■ **Try it**
Everything in the data must be repeated exactly, apart from the pictures, which are left out.

■ **Information supplied**
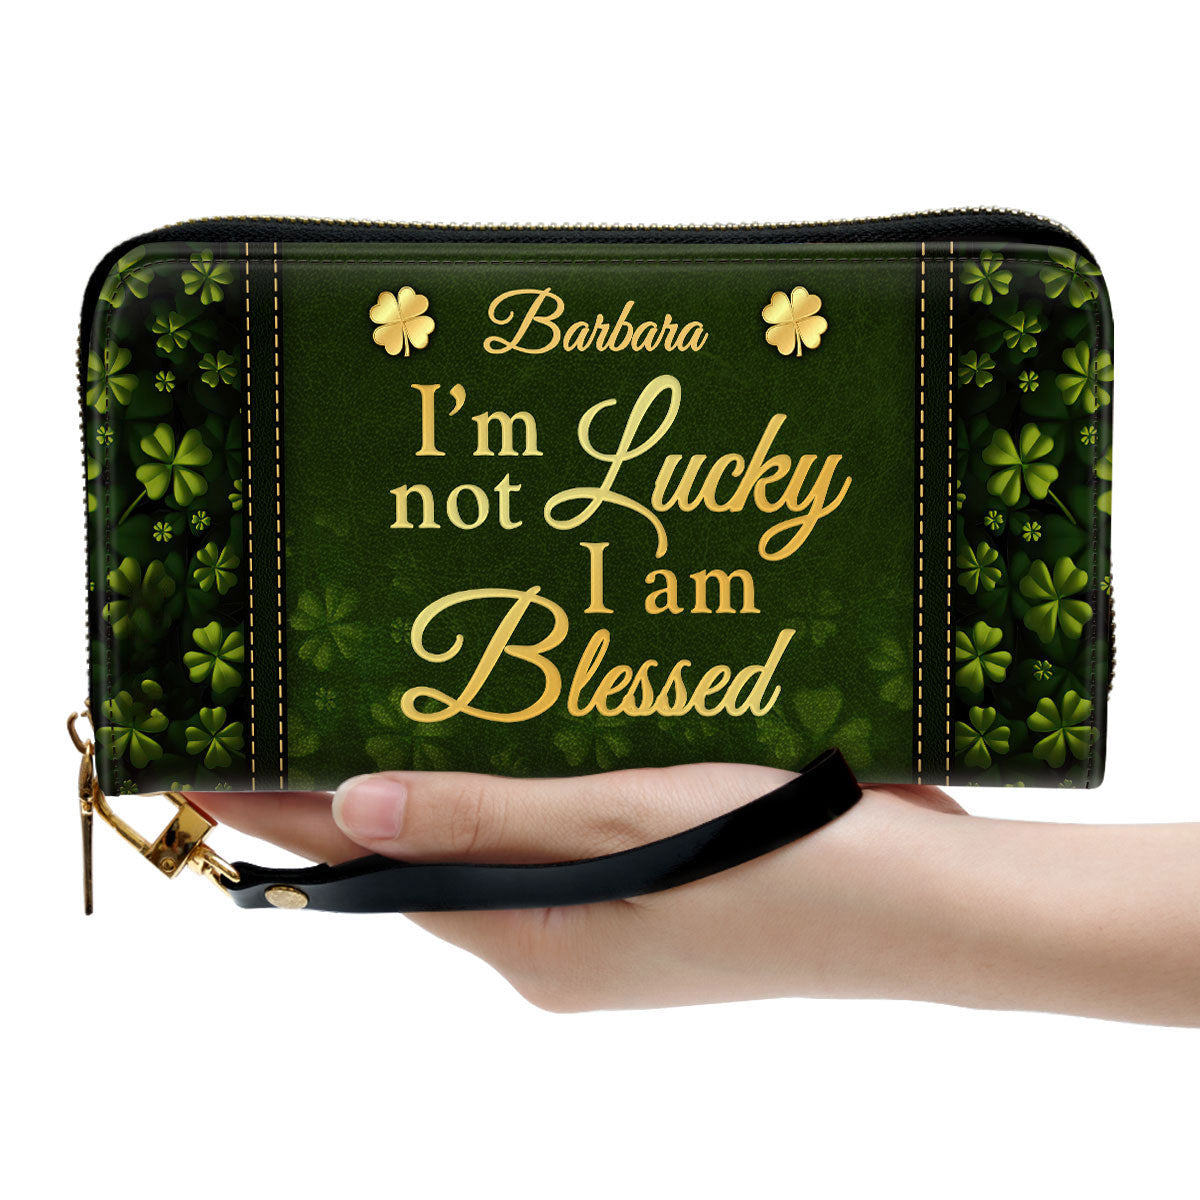 Women Clutch Purse - I‘M Not Lucky I Am Blessed - Lovely Personalized Clutch Purse
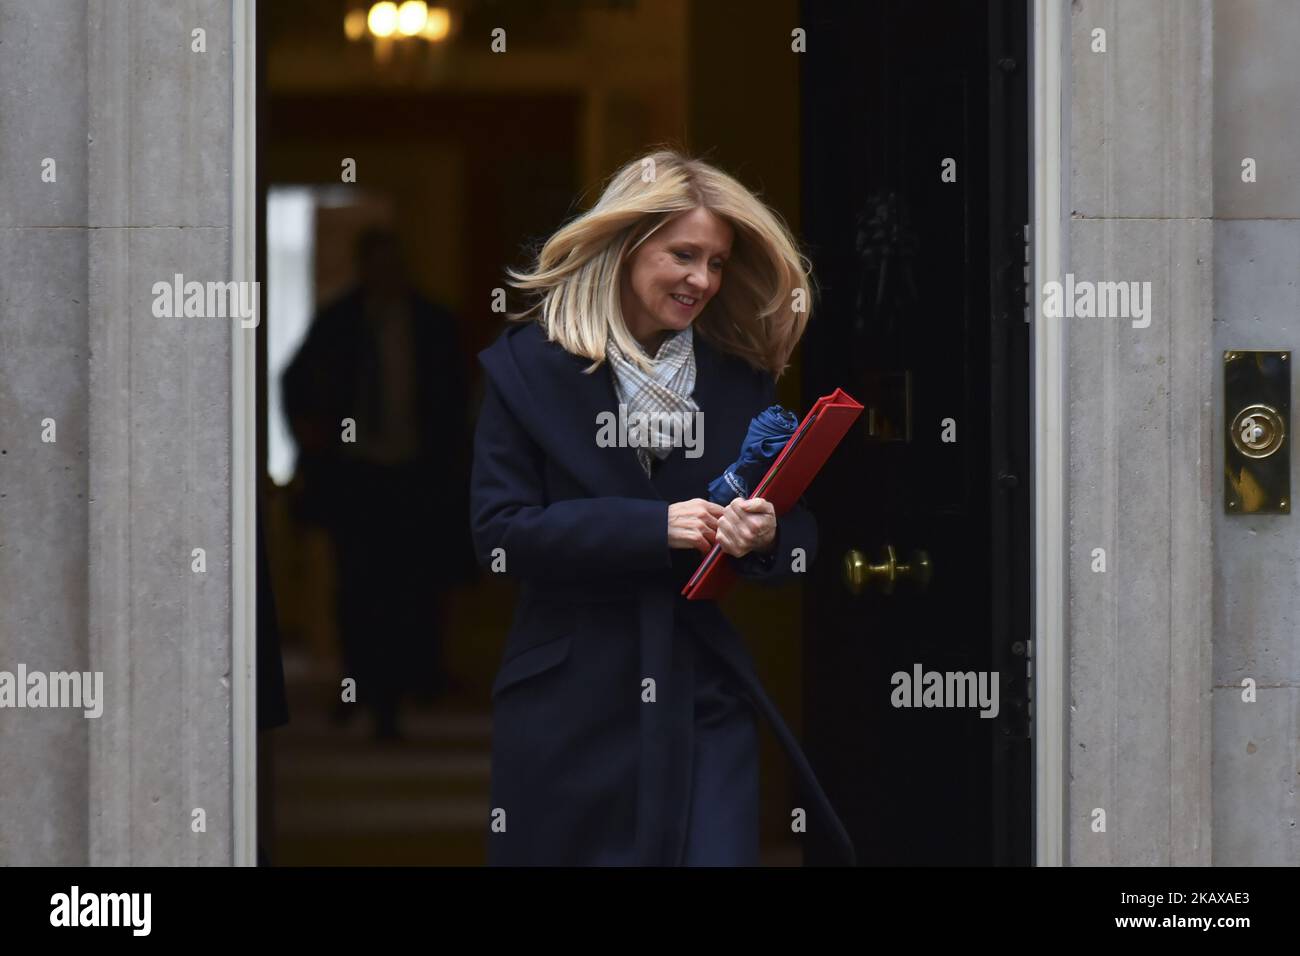 Secretary of State for Work and Pensions esther McVey leaves 10 Downing Street after attending the weekly Cabinet Meeting, London on March 27, 2018. Prime Minister Theresa May is facing another Brexit hurdle after the opposition Labour Party announced its pushing for a legal commitment to avoid a hard border with Ireland after Britain leaves the European Union. The Migration Advisory Committee (MAC) said businesses are concerned about their ability to recruit workers from the EU after Britain leaves the EU. UK employers also see EU workers as 'more reliable' and eager than their British counte Stock Photo
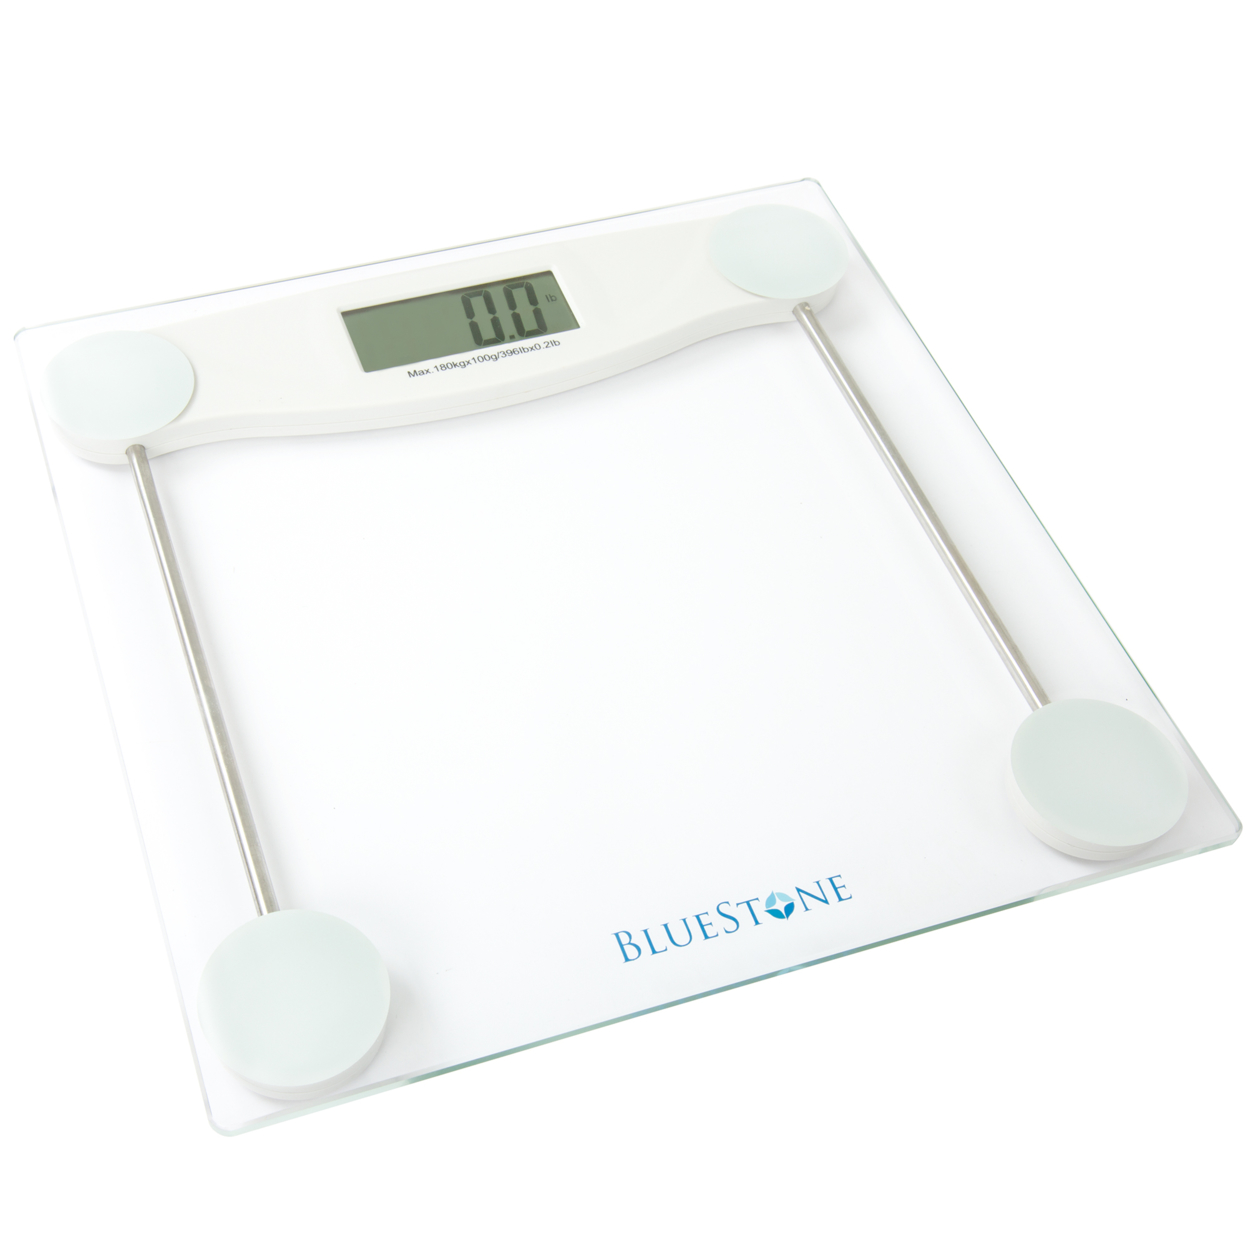 Digital Body Weight Bathroom Scale, Cordless Battery Operated Large LCD Display For Health
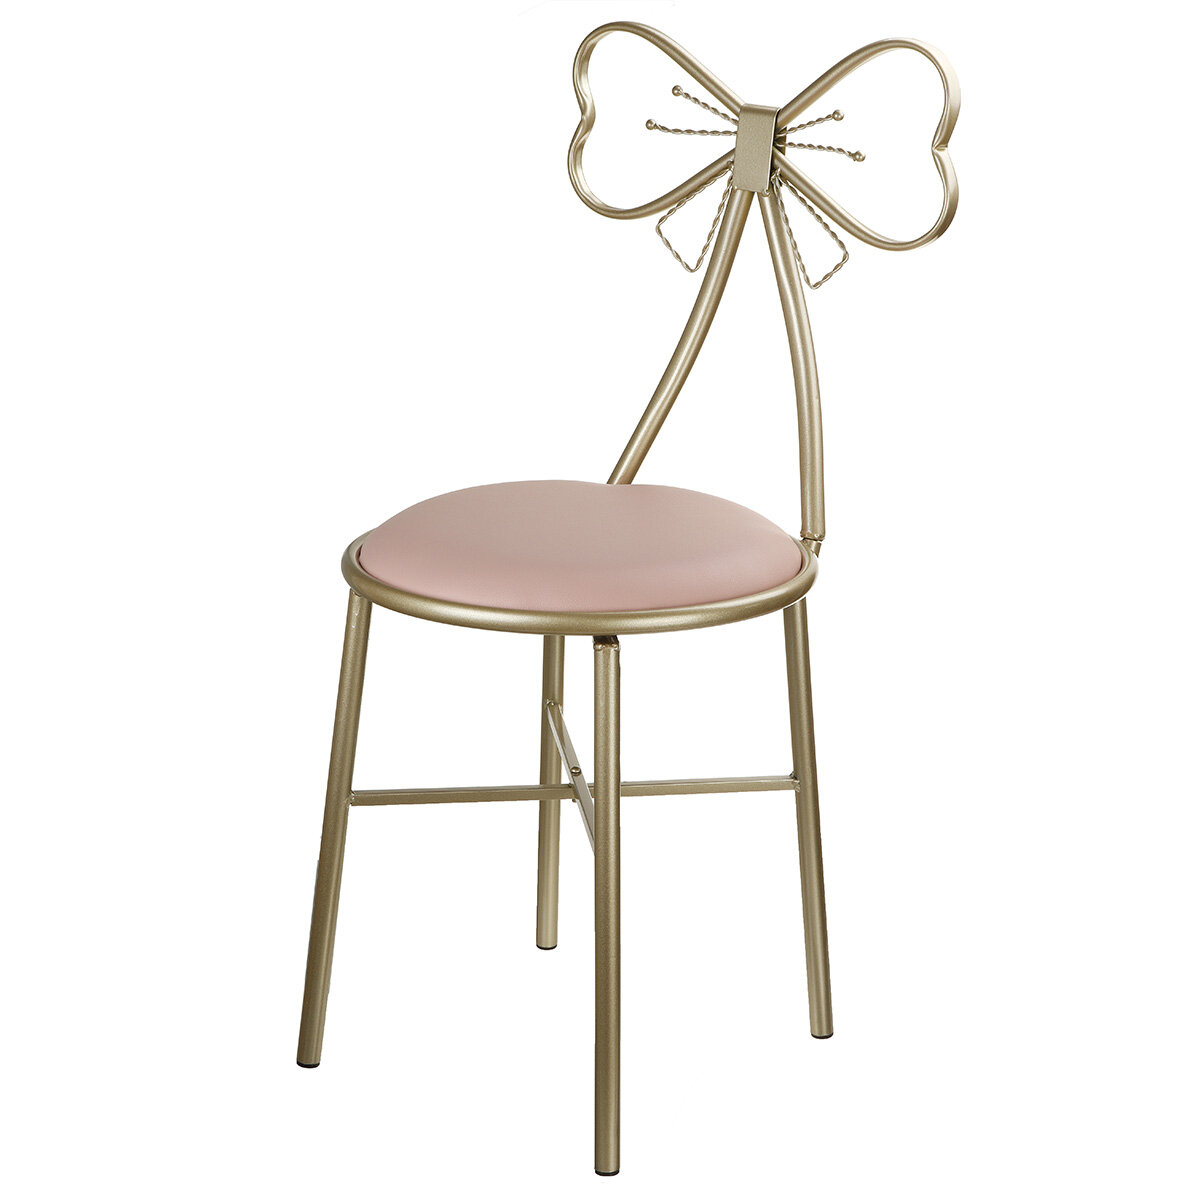 

Vanity Stool Butterfly Backrest Wrought Iron PU Leather Makeup Stool Chair Super Soft Princess Dressing Stool Chair for

■ **Result below**
 Women Clutch Purse - I‘M Not Lucky I Am Blessed - Lovely Personalized Clutch Purse
 Secretary of State for Work and Pensions esther McVey leaves 10 Downing Street after attending the weekly Cabinet Meeting, London on March 27, 2018. Prime Minister Theresa May is facing another Brexit hurdle after the opposition Labour Party announced its pushing for a legal commitment to avoid a hard border with Ireland after Britain leaves the European Union. The Migration Advisory Committee (MAC) said businesses are concerned about their ability to recruit workers from the EU after Britain leaves the EU. UK employers also see EU workers as 'more reliable' and eager than their British counte Stock Photo
 Digital Body Weight Bathroom Scale, Cordless Battery Operated Large LCD Display For Health

Vanity Stool Butterfly Backrest Wrought Iron PU Leather Makeup Stool Chair Super Soft Princess Dressing Stool Chair for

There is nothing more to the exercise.